- Your objective -
Exactly as written, set down each line of the data below except its pictures.

- Recorded data -
--------------------
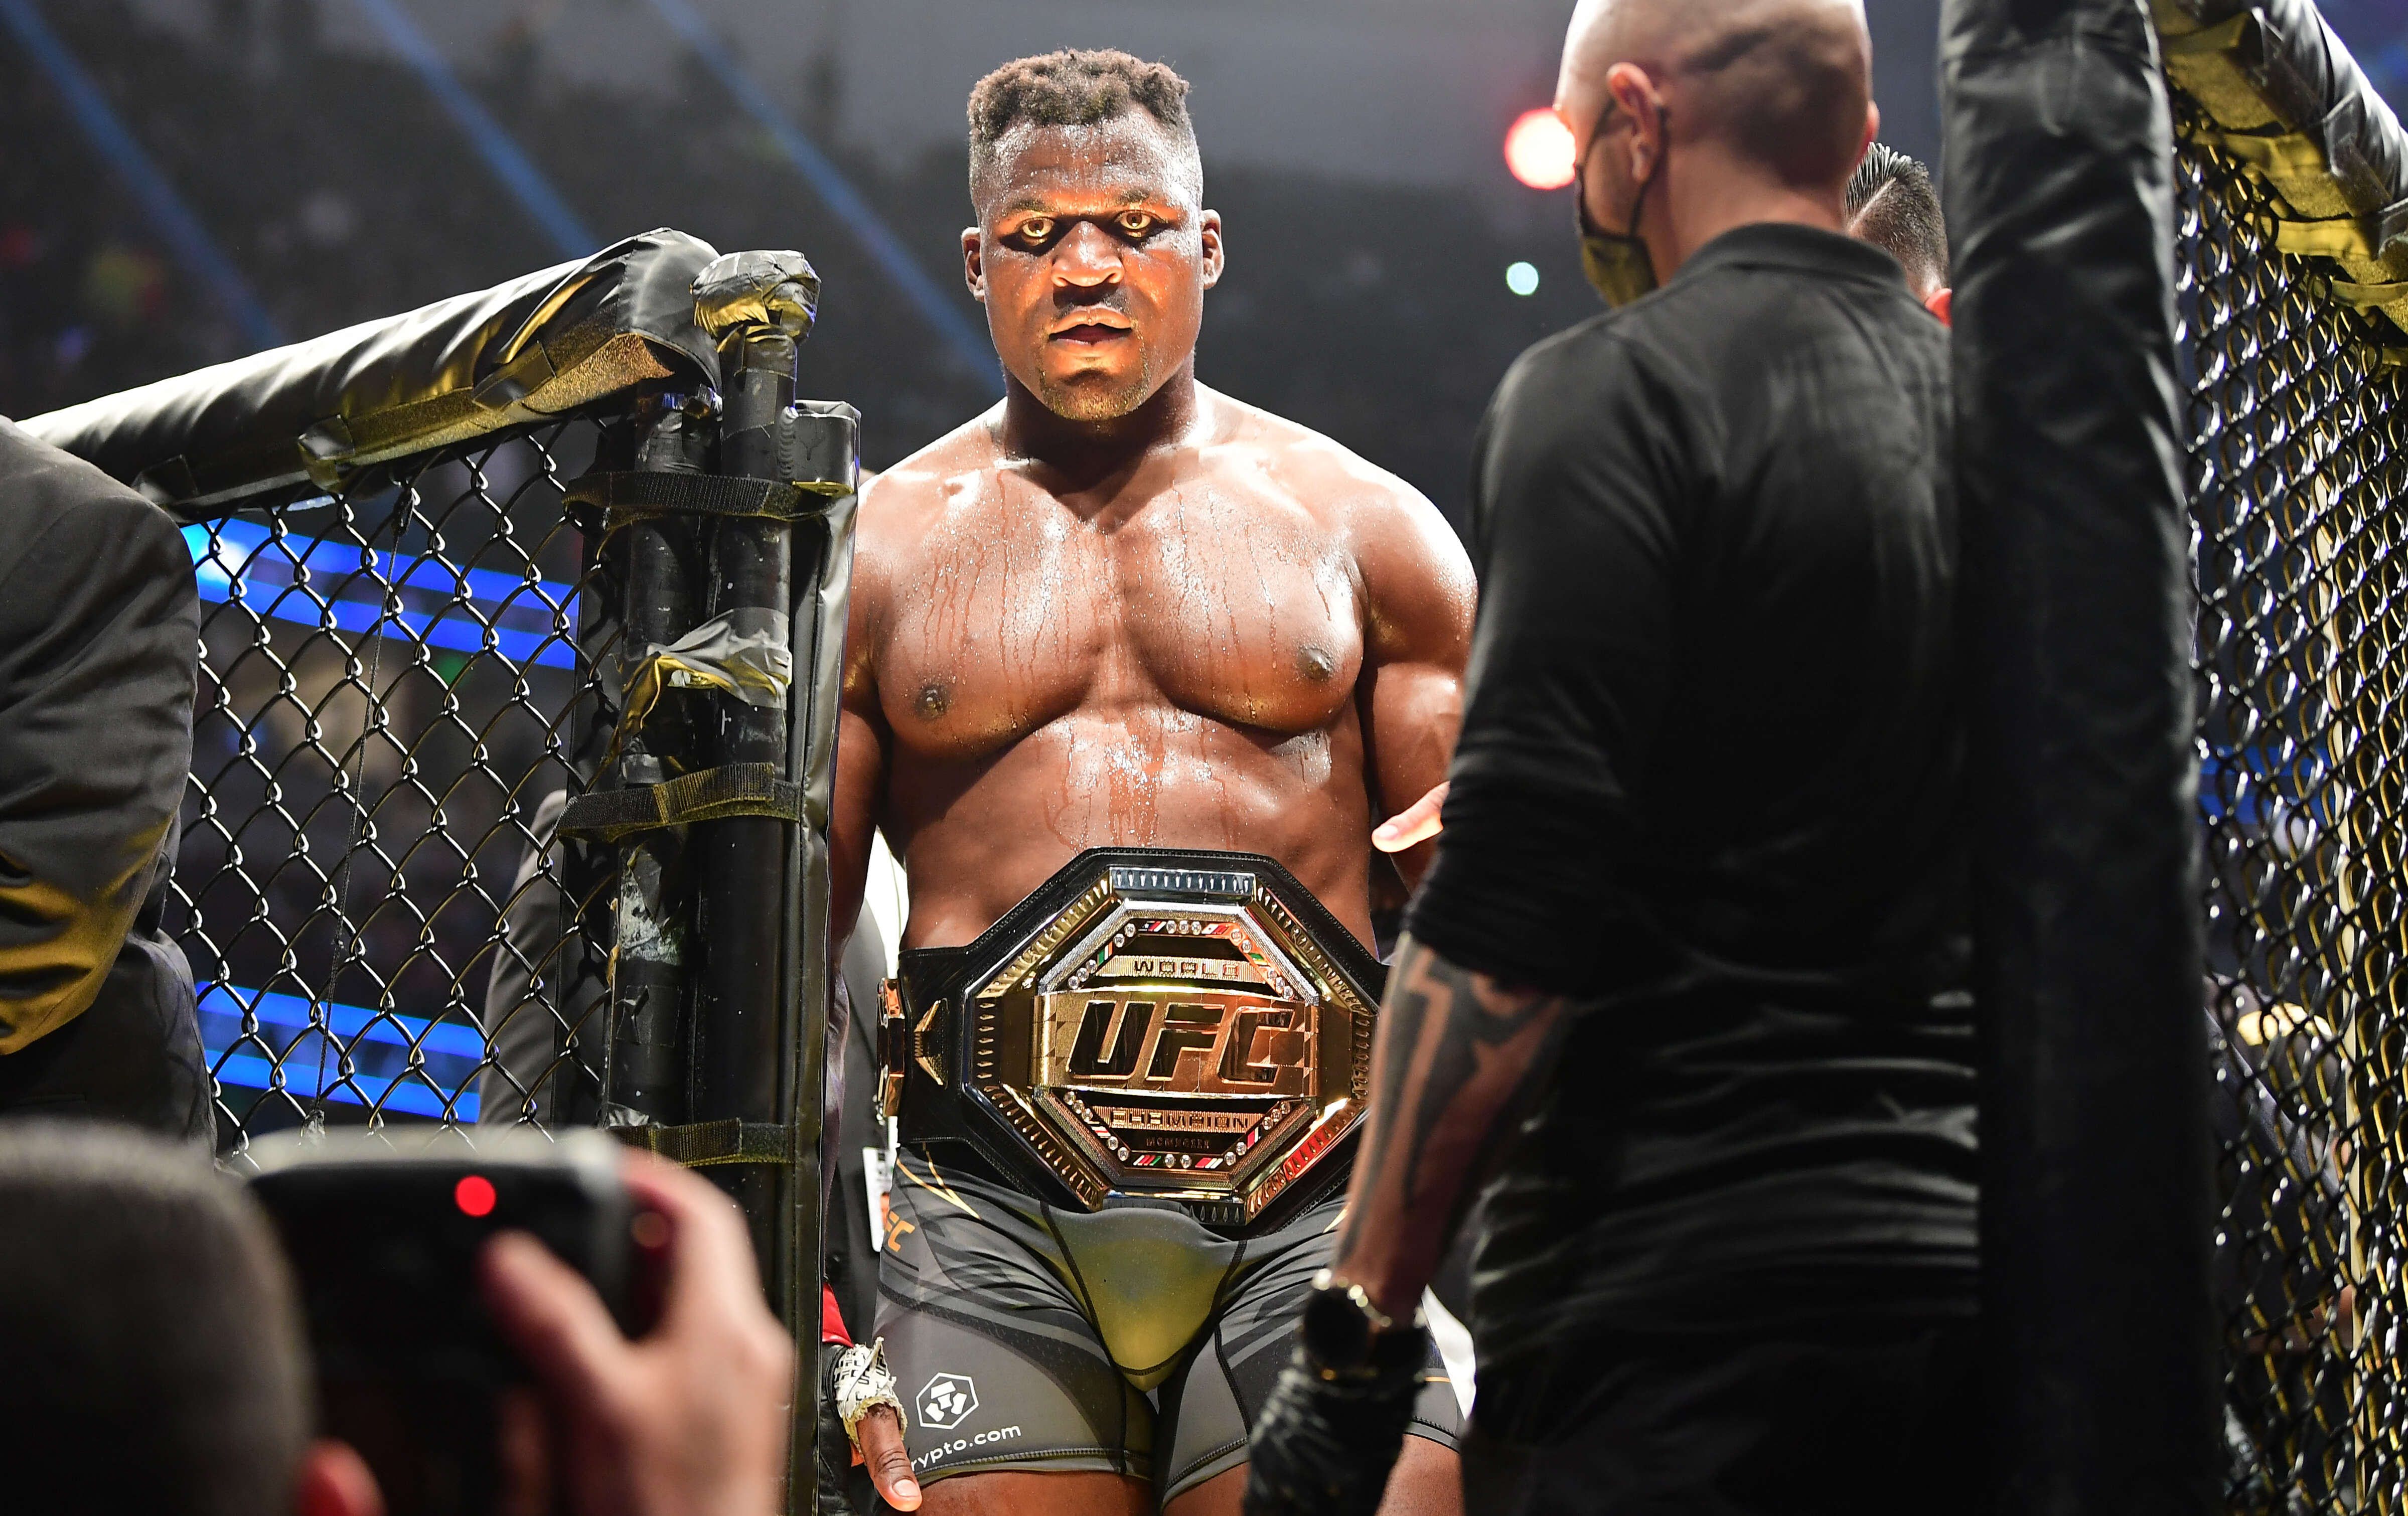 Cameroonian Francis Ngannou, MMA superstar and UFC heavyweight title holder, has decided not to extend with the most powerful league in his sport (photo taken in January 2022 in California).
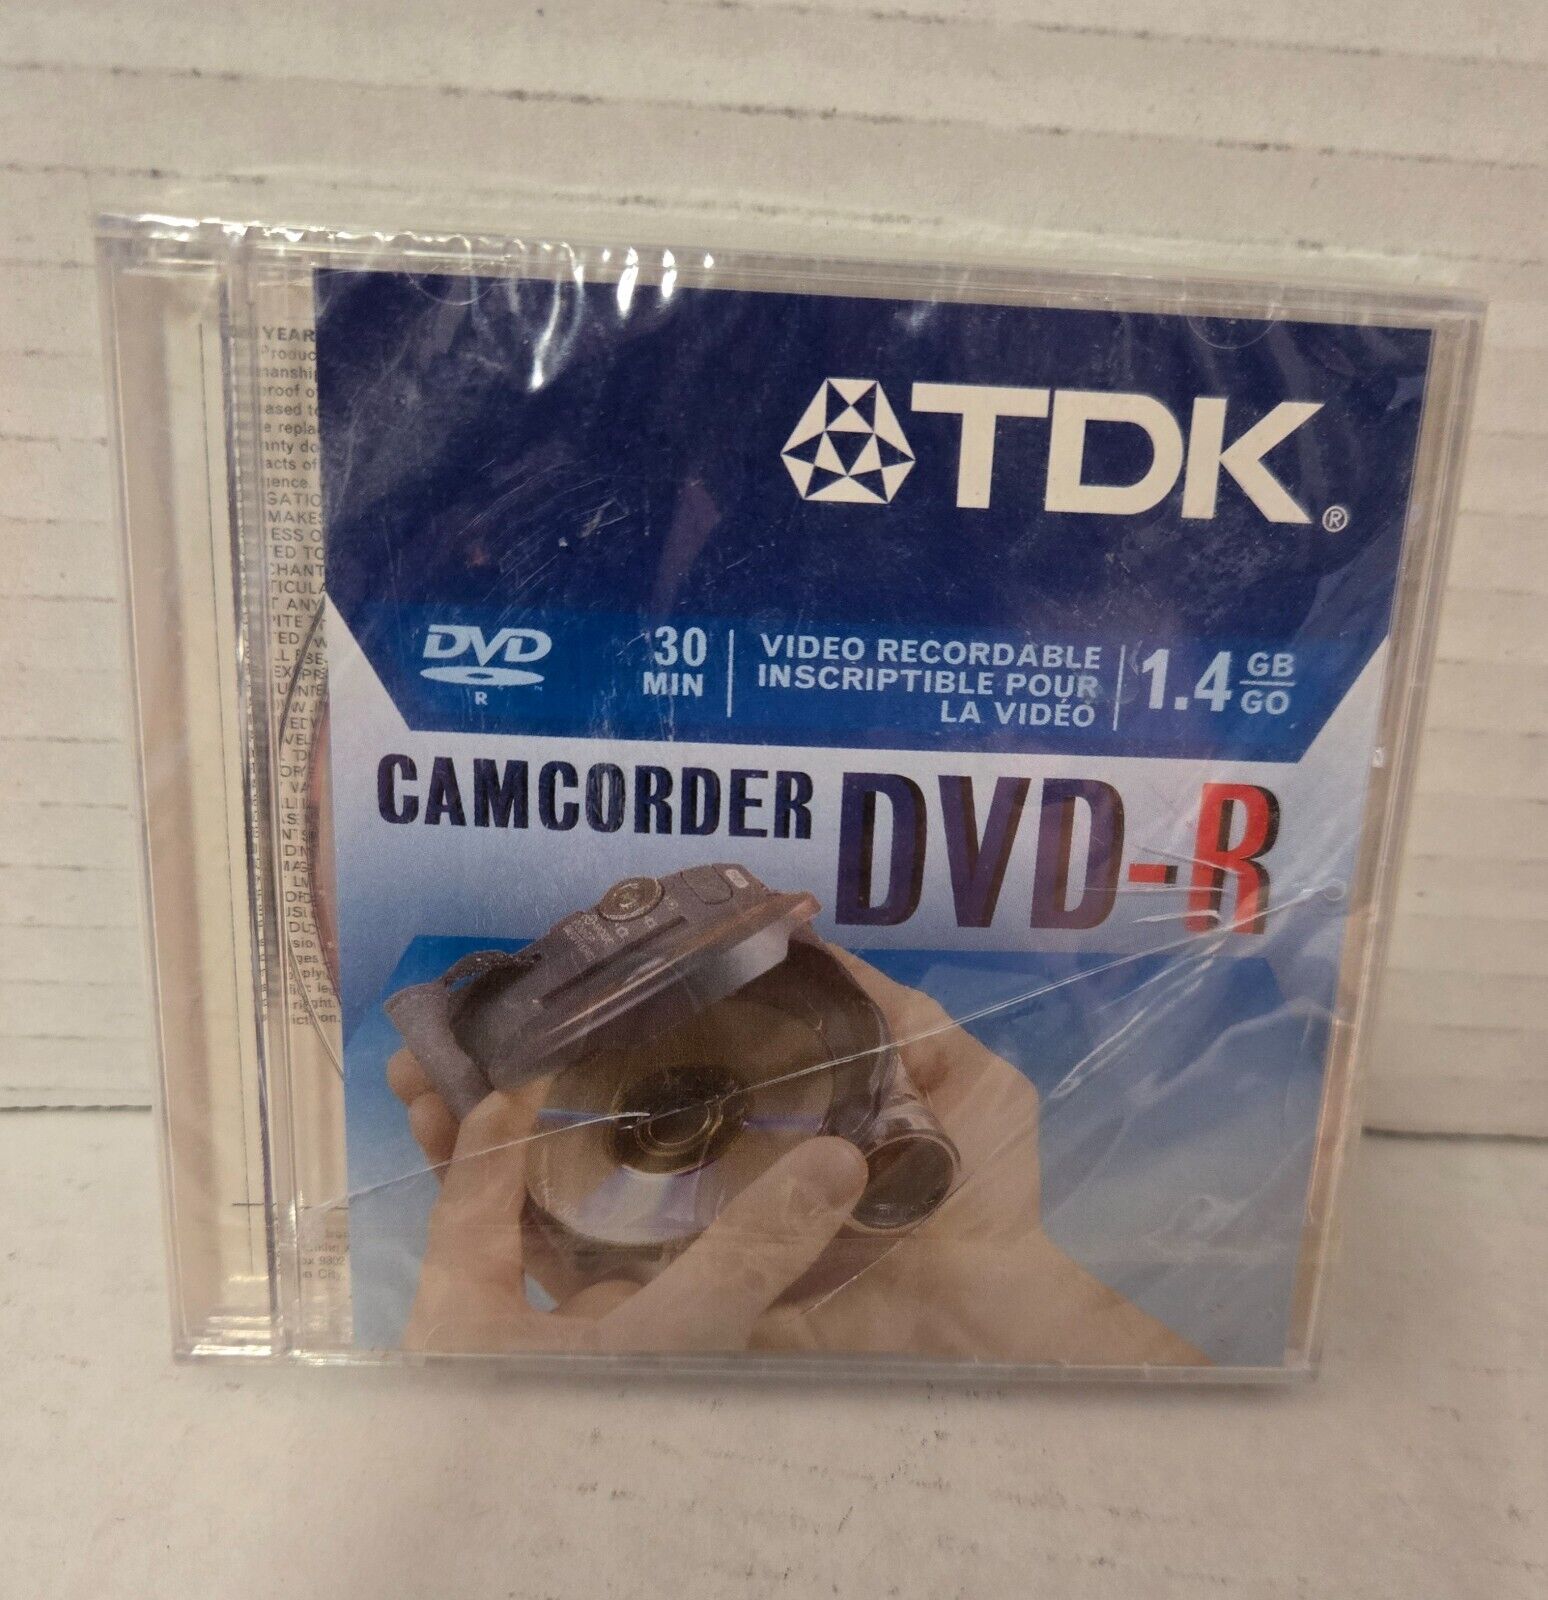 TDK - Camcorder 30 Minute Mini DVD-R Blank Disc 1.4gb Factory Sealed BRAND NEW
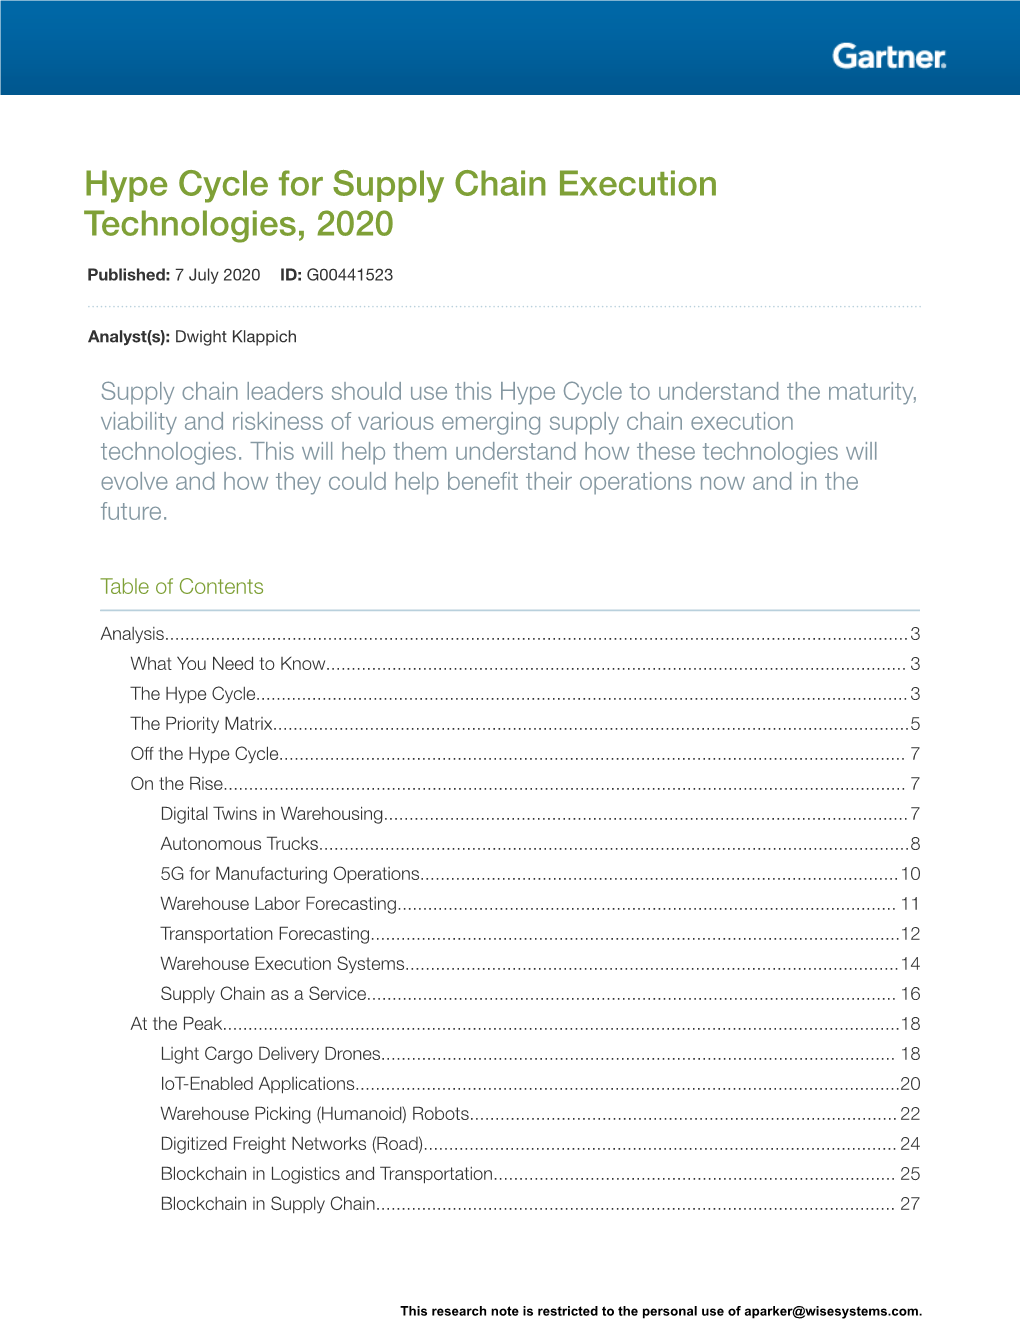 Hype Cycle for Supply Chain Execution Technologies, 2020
--------------------
- Task response -
 Cameroonian Francis Ngannou, MMA superstar and UFC heavyweight title holder, has decided not to extend with the most powerful league in his sport (photo taken in January 2022 in California).
 TDK - Camcorder 30 Minute Mini DVD-R Blank Disc 1.4gb Factory Sealed BRAND NEW
 Hype Cycle for Supply Chain Execution Technologies, 2020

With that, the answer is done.